The storage was empty. In that case, the monitor warned as much.

Let’s add some data:

>>> ZEO.DB(addr).close()
>>> nagios([saddr])
OK

If we stop the server, we’ll error:

>>> stop()
>>> nagios([saddr])
Can't connect [Errno 61] Connection refused
2

Metrics

The monitor will optionally output server metric data. There are 2 kinds of metrics it can output, level and rate metric.

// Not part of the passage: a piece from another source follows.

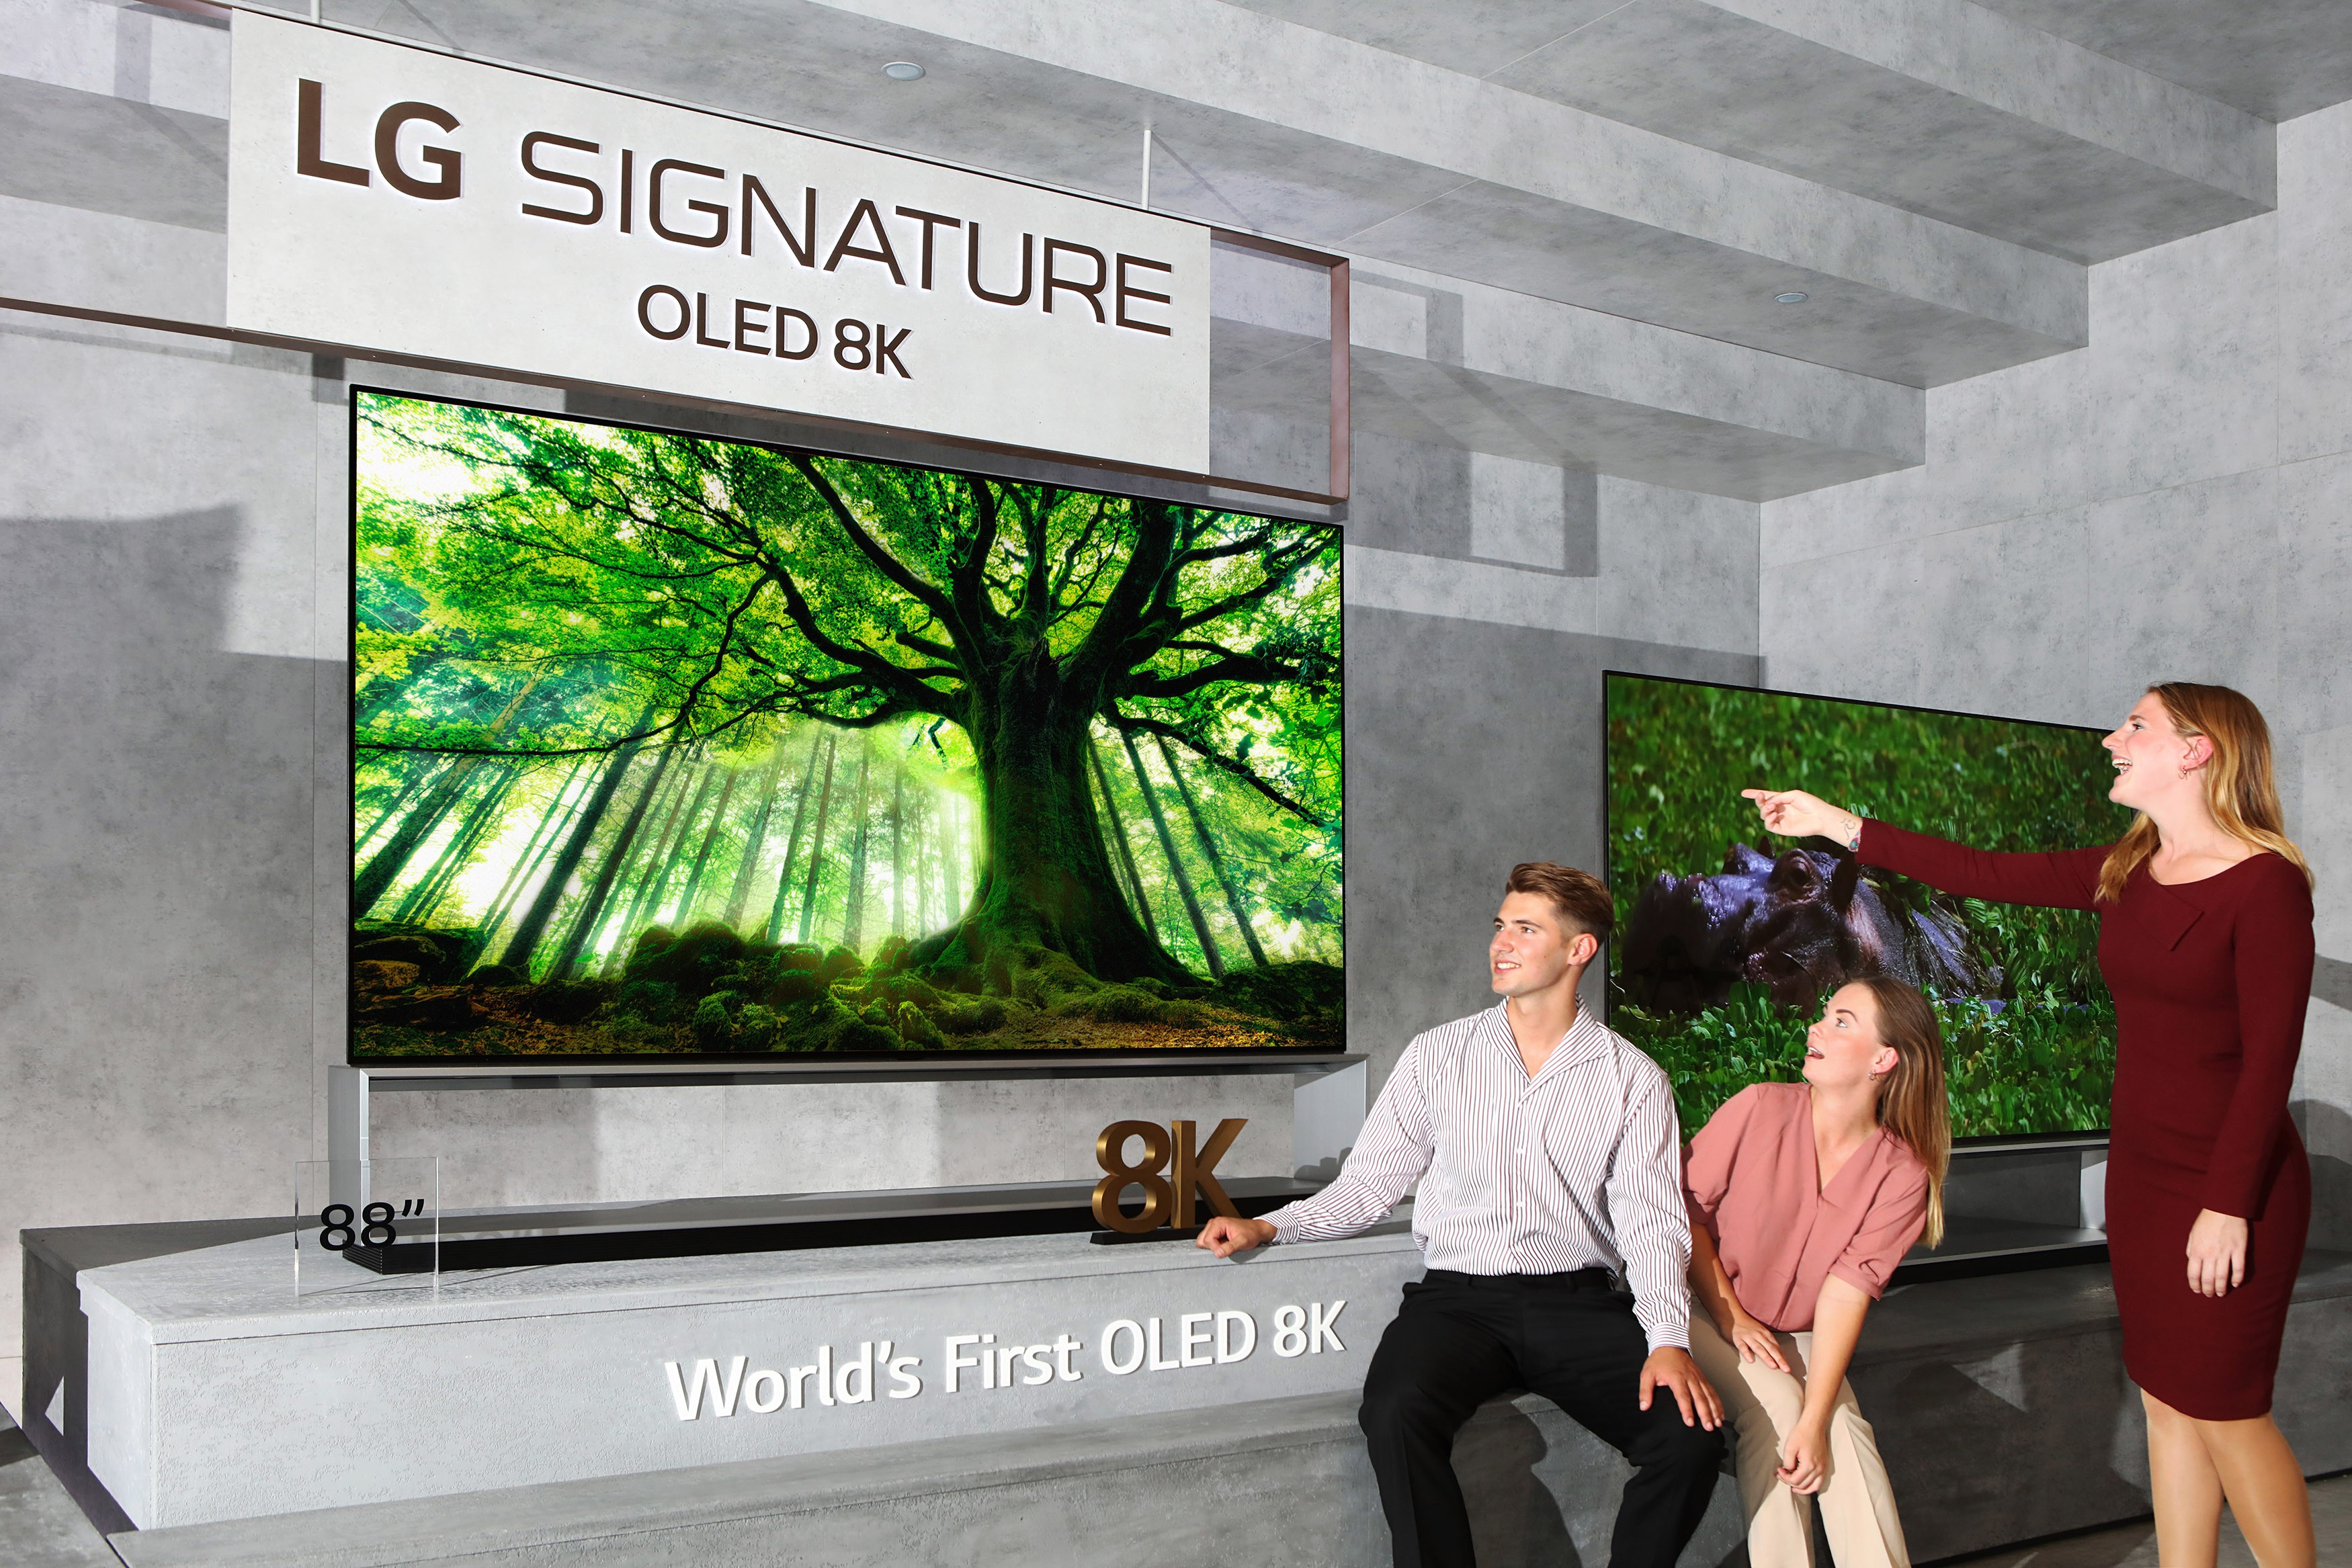 Последний телевизор lg. LG Signature 88 8k OLED. LG OLED 8k. LG Signature 88 8k OLED телевизор. LG Signature OLED 88 дюймов.

If we use the -m/–output-metrics option, we’ll just get rate metrics:

>>> addr, stop = ZEO.server('test.fs', threaded=False)
>>> saddr = ':'.join(map(str, addr)) # (host, port) -> host:port
>>> nagios([saddr, '-m'])
OK|active_txns=0
| connections=0
 waiting=0

We only got the metrics that are levels, like current number of connections. If we want rate metrics, we need to be able to save values from run to run. We need to use the -s/–status-path option to specify the name of a file for status information:

>>> nagios([saddr, '-m', '-sstatus'])
OK|active_txns=0
| connections=0
 waiting=0

We still didn’t get any rate metrics, because we’ve only run once. Let’s actually do something with the database and then make another sample.

>>> db = ZEO.DB(addr)
>>> nagios([saddr, '-m', '-sstatus'])
OK|active_txns=0
| connections=1
 waiting=0
 aborts=0.0
 commits=0.0
 conflicts=0.0
 conflicts_resolved=0.0
 loads=81.226297803
 stores=0.0

Note that this time, we saw that there was a connection.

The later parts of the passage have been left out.